In Defense of Saundra Davis

Ari L. NoonanOP-ED

     Shame on Stew Bubar. Shame on Dana Russell.
     Where was their sense of even minimal discretion?
     Are dignity and gracefulness anomalous to them?
     Aren’t there boundaries for pettiness?
     On a recent night when Ms. Davis was called away from a School Board meeting by the death of her father, they began acting like naughty little schoolboys whose mothers had sent them out to play.
     Oh, how the naughty little  schoolboys played.
They don’t have to like Ms. Davis, and their conduct the past four years makes it plain they don’t. But they do owe the lady respect.
     Worse, they spoke critically of Ms. Davis at an hour when she was grieving. 

 Private vs. Public
 
     Their friends say that Mr. Bubar and Dr. Russell feel bulletproof about community criticism. At the moment, neither intends to face Culver City voters again after winning their re-election bids by a whisker.
     These naughty little schoolboys who turned out the lights, clapped their hands and crawled under a big, fat desk to divvy up their excessive healthcare benefits far from public scrutiny, had no qualms about publicly whaling Ms. Davis.
     These paragons of probity went to pains to question the validity of an honorary doctorate Ms.

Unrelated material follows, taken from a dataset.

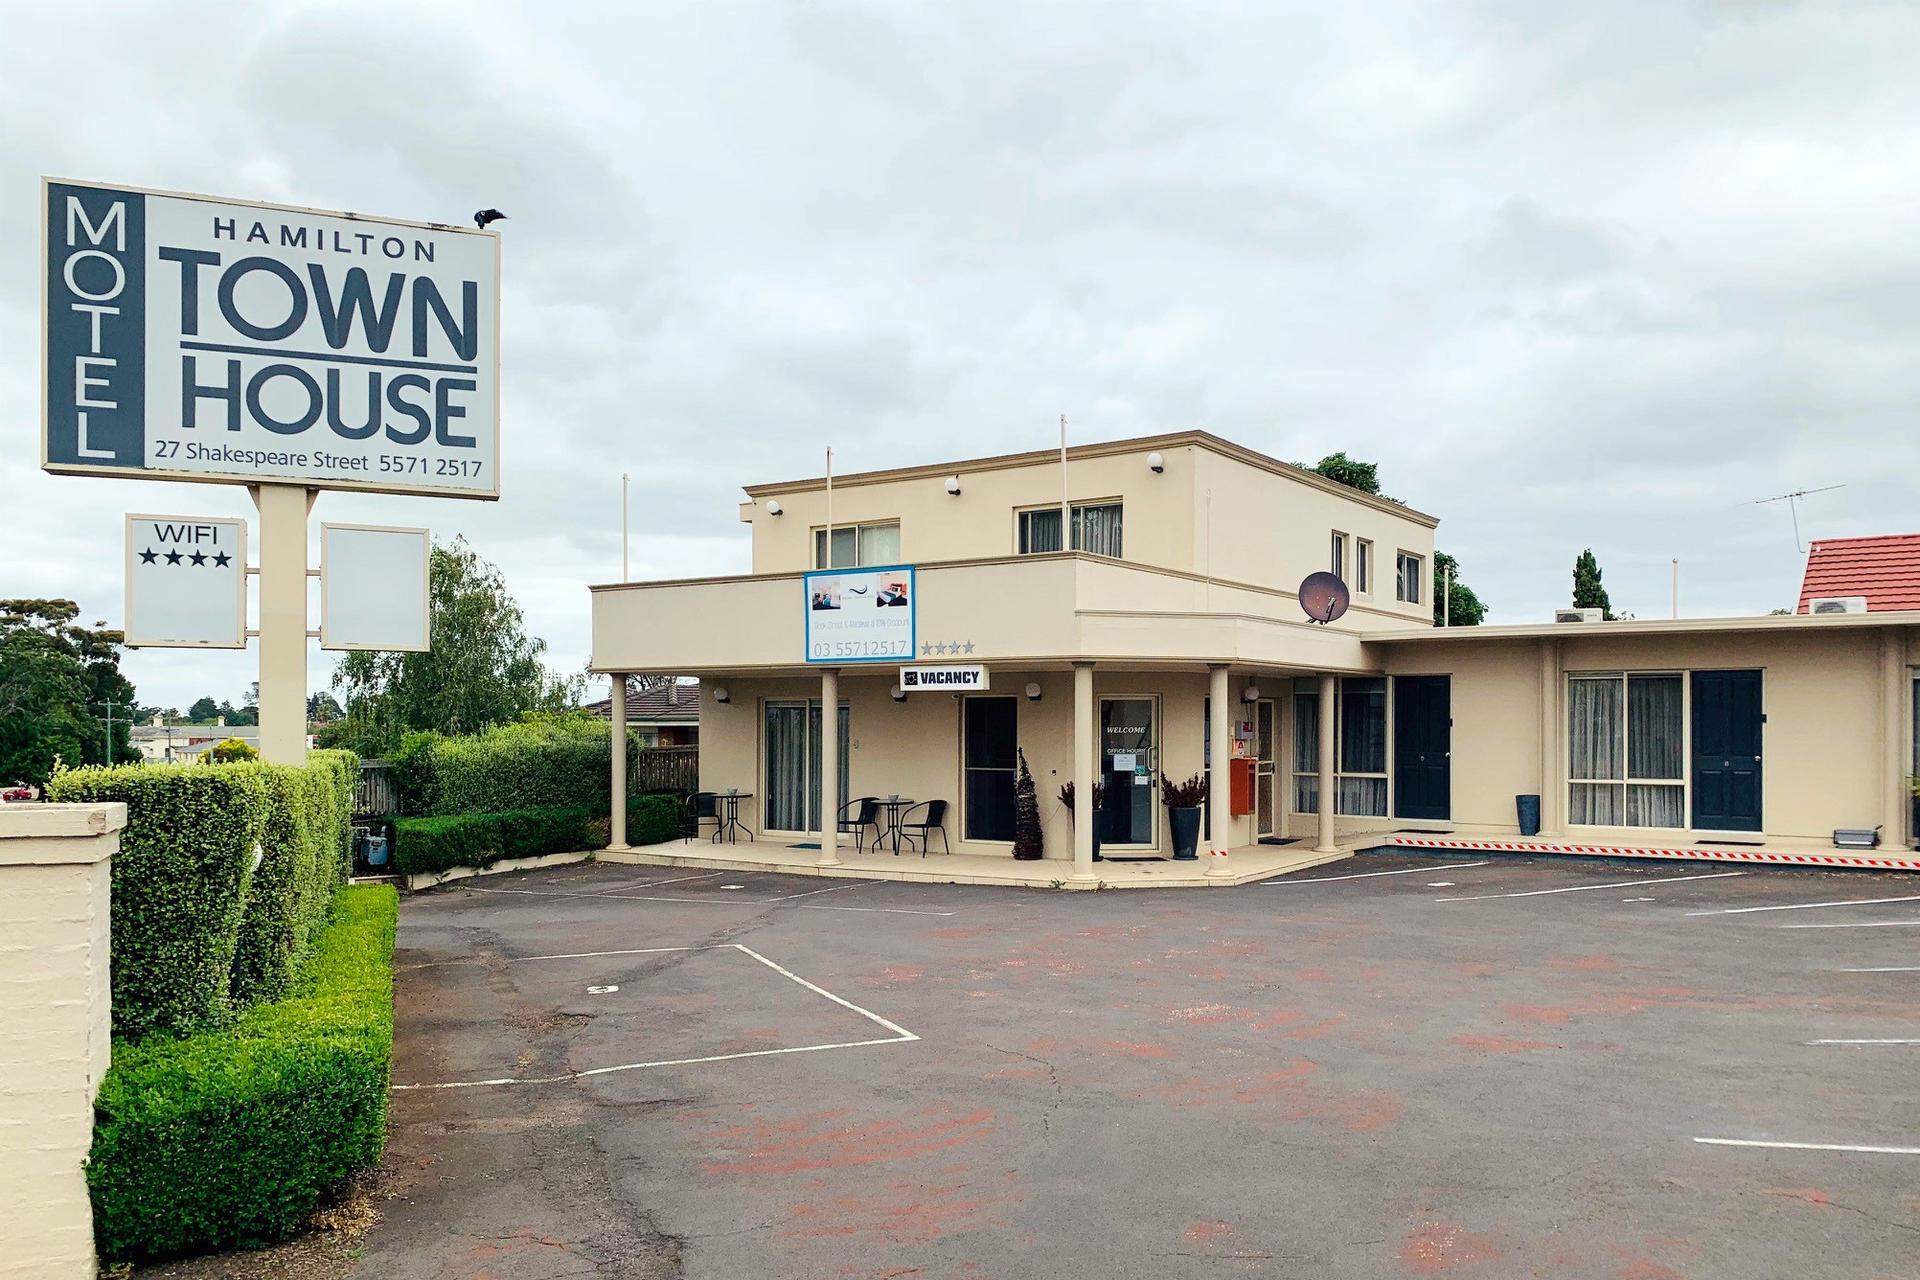 k - Hamilton Townhouse Motel
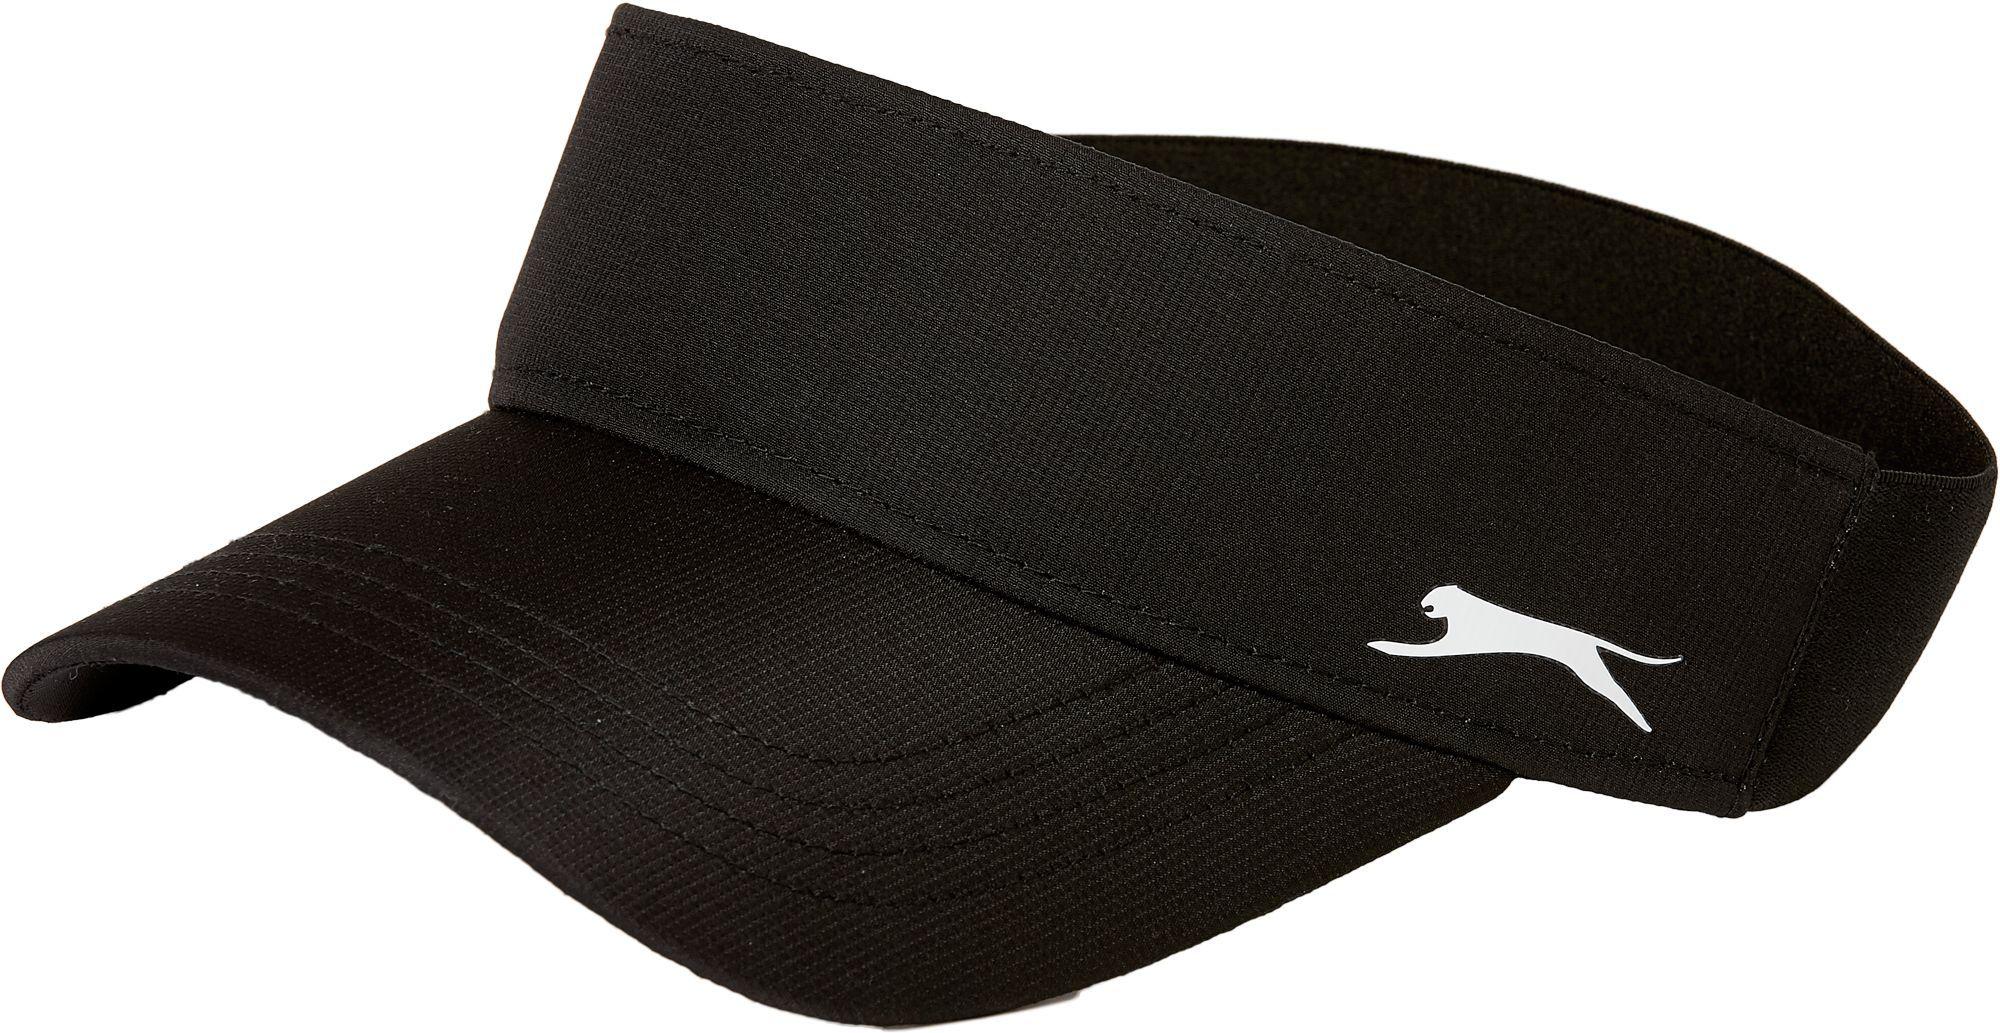 8c1b4fc24 Slazenger Women's Tech Elastic Golf Visor | Products | Golf outfit ...

Davis recently received. An eyewitness told me her teammates bashed the honor.
     The boys insist that any discussion  about them must be behind closed doors.  But Ms. Davis they treat like a kid sister whom they can disparage at will, good taste notwithstanding.
     The more they can embarrass Ms. Davis, the more they giggle and rub their hands together.
  
What Is the Motivation?
 
     Are the schoolboys jealous? Are they envious of Ms. Davis’s classiness? Her work ethic? Her overwhelming involvement in school affairs? Her attractiveness?
     The boys should be paddled and sent to their rooms without dinner — for the next two years in Mr. Bubar’s case, the next four years for the dentist.
     The boys should take a lesson in conduct from their big brothers on the City Council. For all of the members’ squabbling, their disputes center on policy disagreements, not what happens in their lives off-stage.
     Mr. Bubar and Dr. Russell evidently are too embarrassed about their abysmal performances on their own healthcare benefits to talk about the self-inflicted fiasco in public. For eleven months they have stuck their fingers in their ears and pretended they have not heard the questions we have asked.
     But, hoo boy, when it comes to deconstructing Ms. Davis, picking her apart so personally as if she were a chicken bone, these naughty little schoolboys act fifty years younger than their true ages.
     Their coarse actions violate the lowest, most boorish standards of gentlemanly behavior. Surely their parents taught them better manners.
     Once again, for what must be the hundredth time since they came to office, Mr. Bubar and Dr. Russell have awkwardly placed themselves in defenseless positions.
     How do you defend a sneak attack?  How do you defend playing bully?
     After so childishly beating up on Ms. Davis, how can they be taken seriously as policymakers?
     It is perfectly appropriate for Mr. Bubar and Dr. Russell to challenge any personal claim by Ms. Davis — in private, not in public. The schoolboys, however, seem a little slow on the uptake.
     A man from the Democratic Club told me about a letter the club received from a School Board member criticizing the club for saluting Ms. Davis.
     Will the gall of these people ever bottom out?
     For the unfortunate but courageous Ms. Davis, this must feel like being locked into a dreadful forced marriage.
     How stomach-turning it must be at every meeting, facing your unmanly accusers.

     As more hip people say, you go, girl. The weight of right is on your side.